Machine learning methods for propensity and disease risk score estimation in high-dimensional data: a plasmode simulation and real-world data cohort analysis

Yuchen Guo; Victoria Y Strauss; Martí Català; Annika M Jödicke; Sara Khalid; Daniel Prieto-Alhambra

doi:10.3389/fphar.2024.1395707

Machine learning methods for propensity and disease risk score estimation in high-dimensional data: a plasmode simulation and real-world data cohort analysis

Front Pharmacol. 2024 Oct 28:15:1395707. doi: 10.3389/fphar.2024.1395707. eCollection 2024.

Authors

Yuchen Guo¹, Victoria Y Strauss², Martí Català¹, Annika M Jödicke¹, Sara Khalid¹, Daniel Prieto-Alhambra^{1

3}

Affiliations

¹ Pharmaco- and Device Epidemiology Group, Centre of Statistics in Medicine, Nuffield Department of Orthopaedics, Rheumatology and Musculoskeletal Sciences (NDORMS), University of Oxford, Oxford, United Kingdom.
² Boehringer-Ingelheim, Ingelheim, Germany.
³ Department of Medical Informatics, Erasmus Medical Center, Rotterdam, Netherlands.

Abstract

Introduction: Machine learning (ML) methods are promising and scalable alternatives for propensity score (PS) estimation, but their comparative performance in disease risk score (DRS) estimation remains unexplored.

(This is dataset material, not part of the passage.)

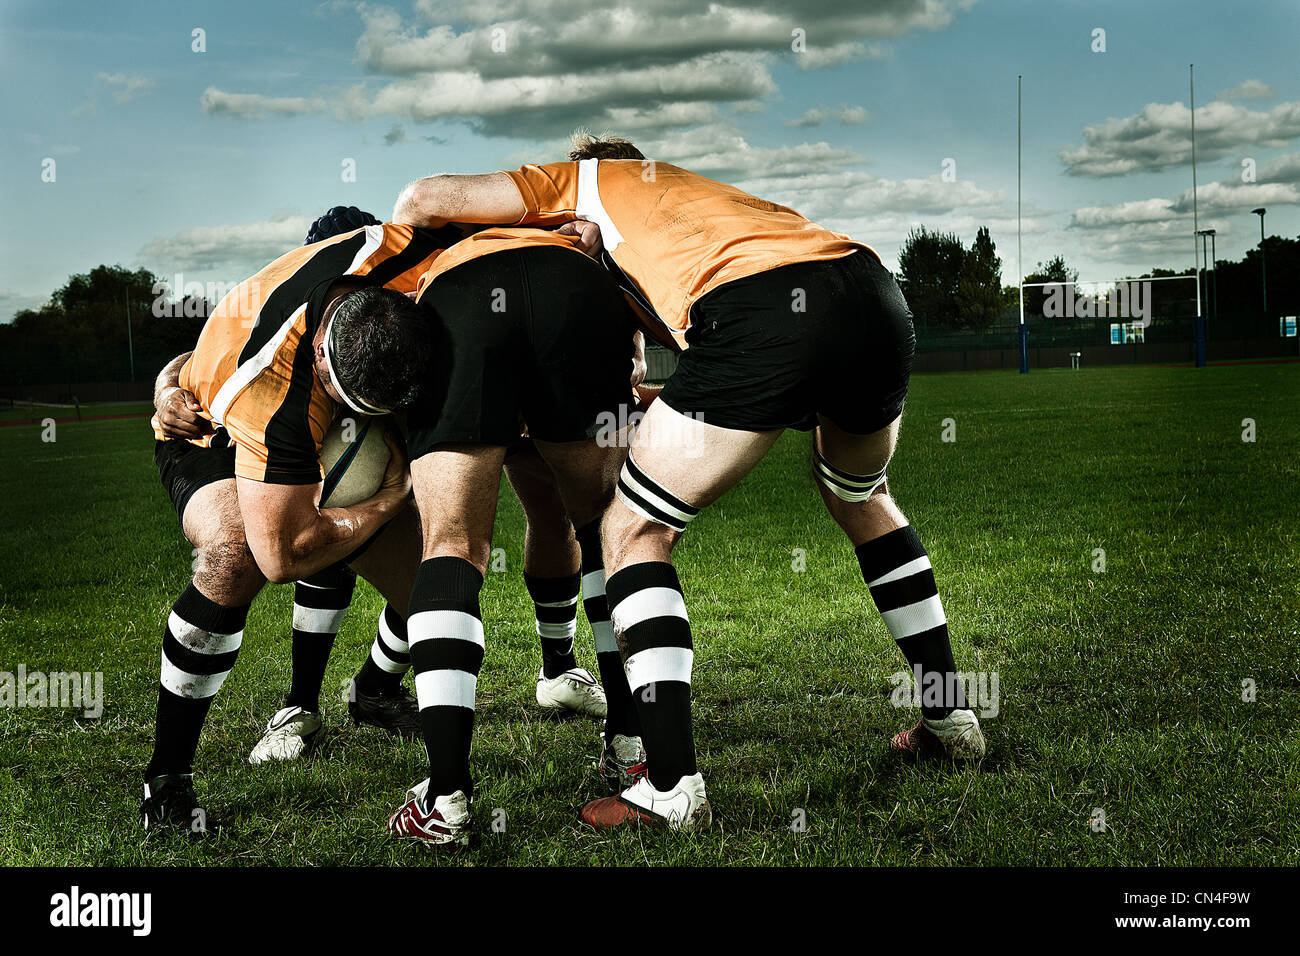 Giocatori di rugby in scrum su piazzola Immagini Stock
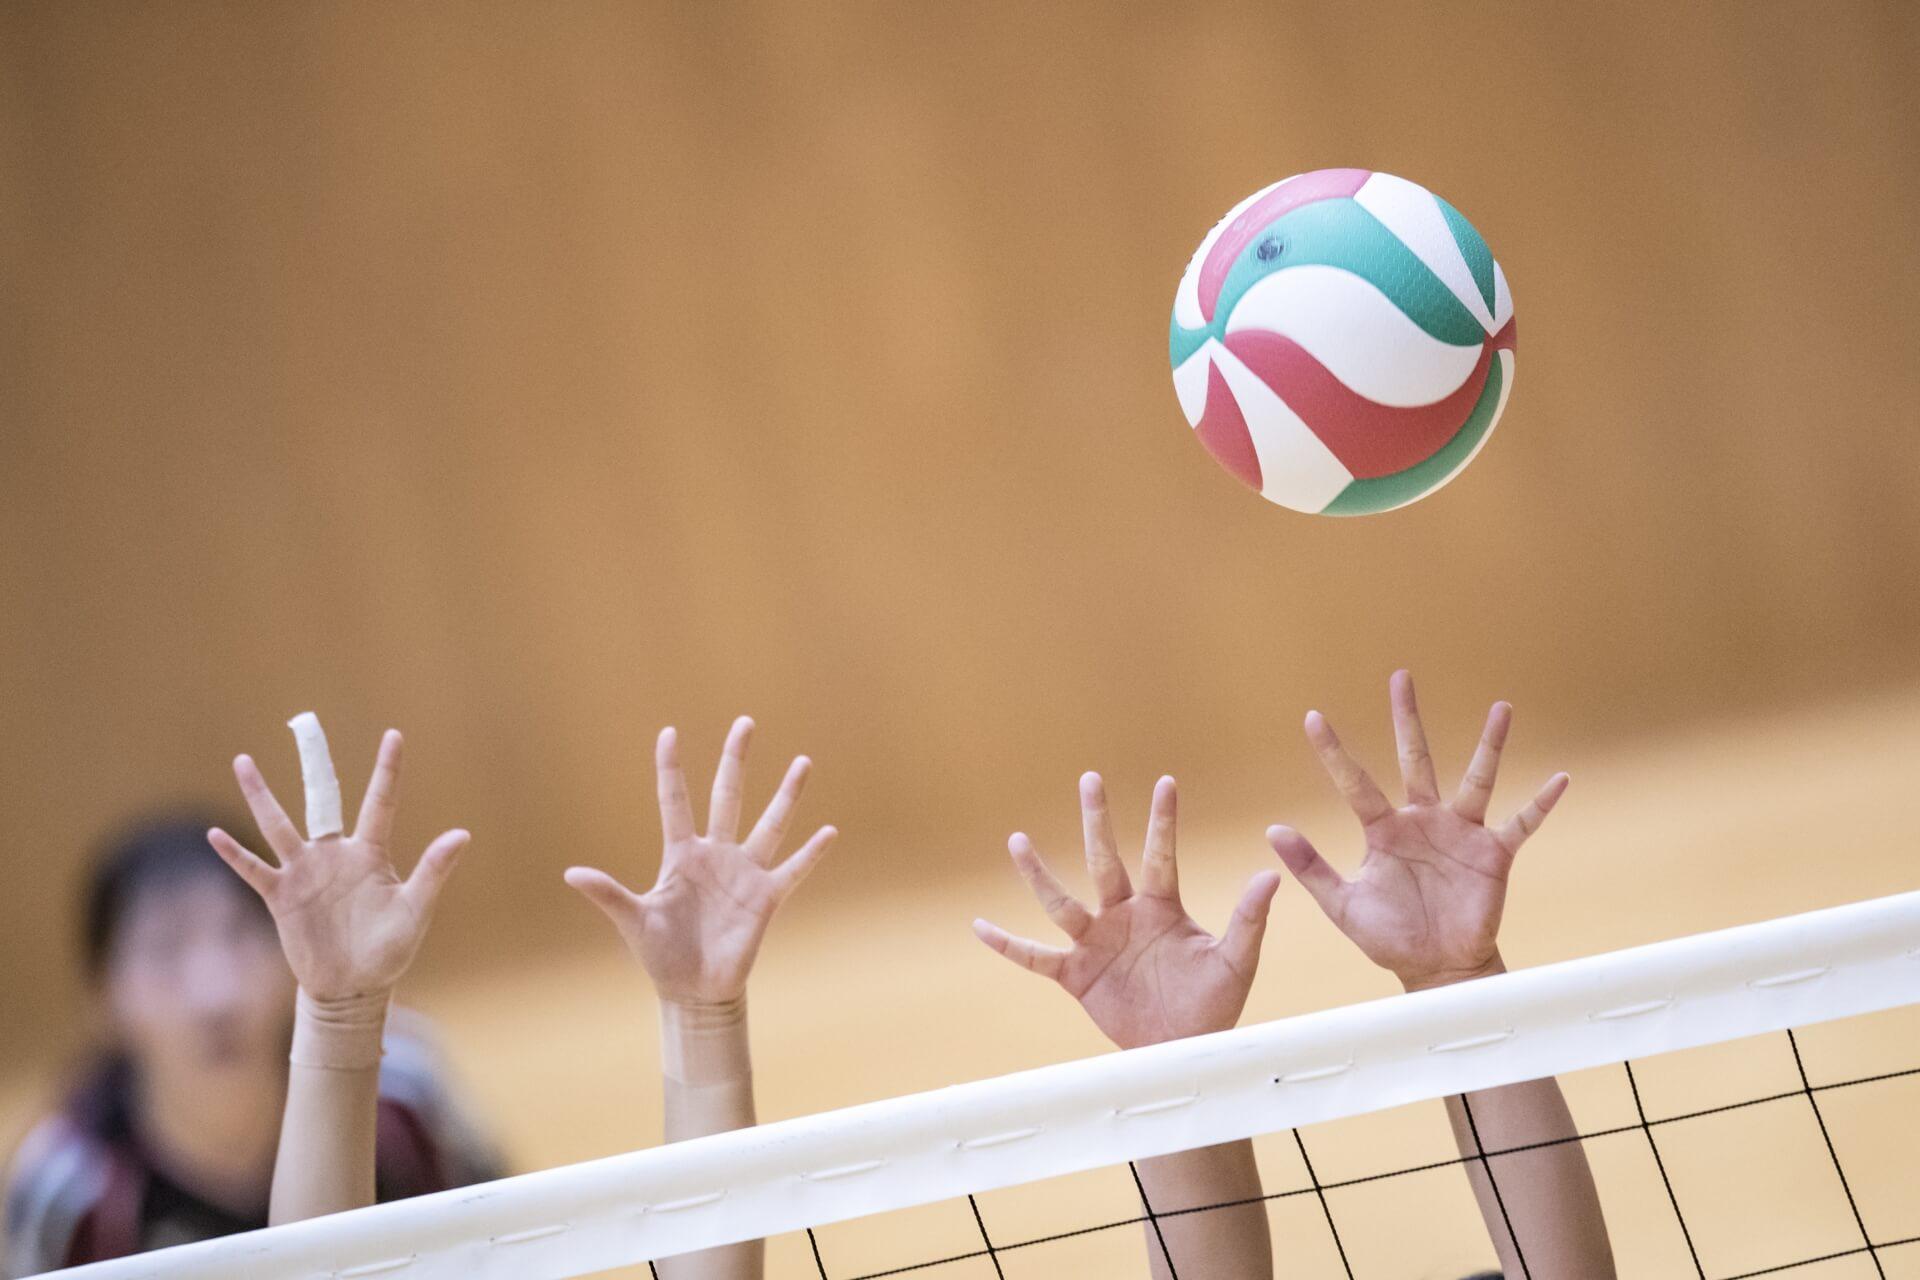 バレーボールをプレイする人々

Methods: We used real-world data comparing antihypertensive users to non-users with 69 negative control outcomes, and plasmode simulations to study the performance of ML methods in PS and DRS estimation. We conducted a cohort study using UK primary care records. Further, we conducted a plasmode simulation with synthetic treatment and outcome mimicking empirical data distributions. We compared four PS and DRS estimation methods: 1. Reference: Logistic regression including clinically chosen confounders. 2. Logistic regression with L1 regularisation (LASSO). 3. Multi-layer perceptron (MLP). 4. Extreme Gradient Boosting (XgBoost). Covariate balance, coverage of the null effect of negative control outcomes (real-world data) and bias based on the absolute difference between observed and true effects (for plasmode) were estimated. 632,201 antihypertensive users and nonusers were included.

Results: ML methods outperformed the reference method for PS estimation in some scenarios, both in terms of covariate balance and coverage/bias. Specifically, XgBoost achieved the best performance. DRS-based methods performed worse than PS in all tested scenarios.

Discussion: We found that ML methods could be reliable alternatives for PS estimation. ML-based DRS methods performed worse than PS ones, likely given the rarity of outcomes.

Keywords: disease risk scores; machine learning; negative control; observational research; propensity scores; treatment effect.

Grants and funding

The author(s) declare that financial support was received for the research, authorship, and/or publication of this article. Daniel Prieto-Alhambra received funding from the National Institute for Health Research (NIHR) Oxford Biomedical Research Centre (BRC). Daniel Prieto-Alhambra is funded through a NIHR Senior Research Fellowship (Grant number SRF-2018-11-ST2-004).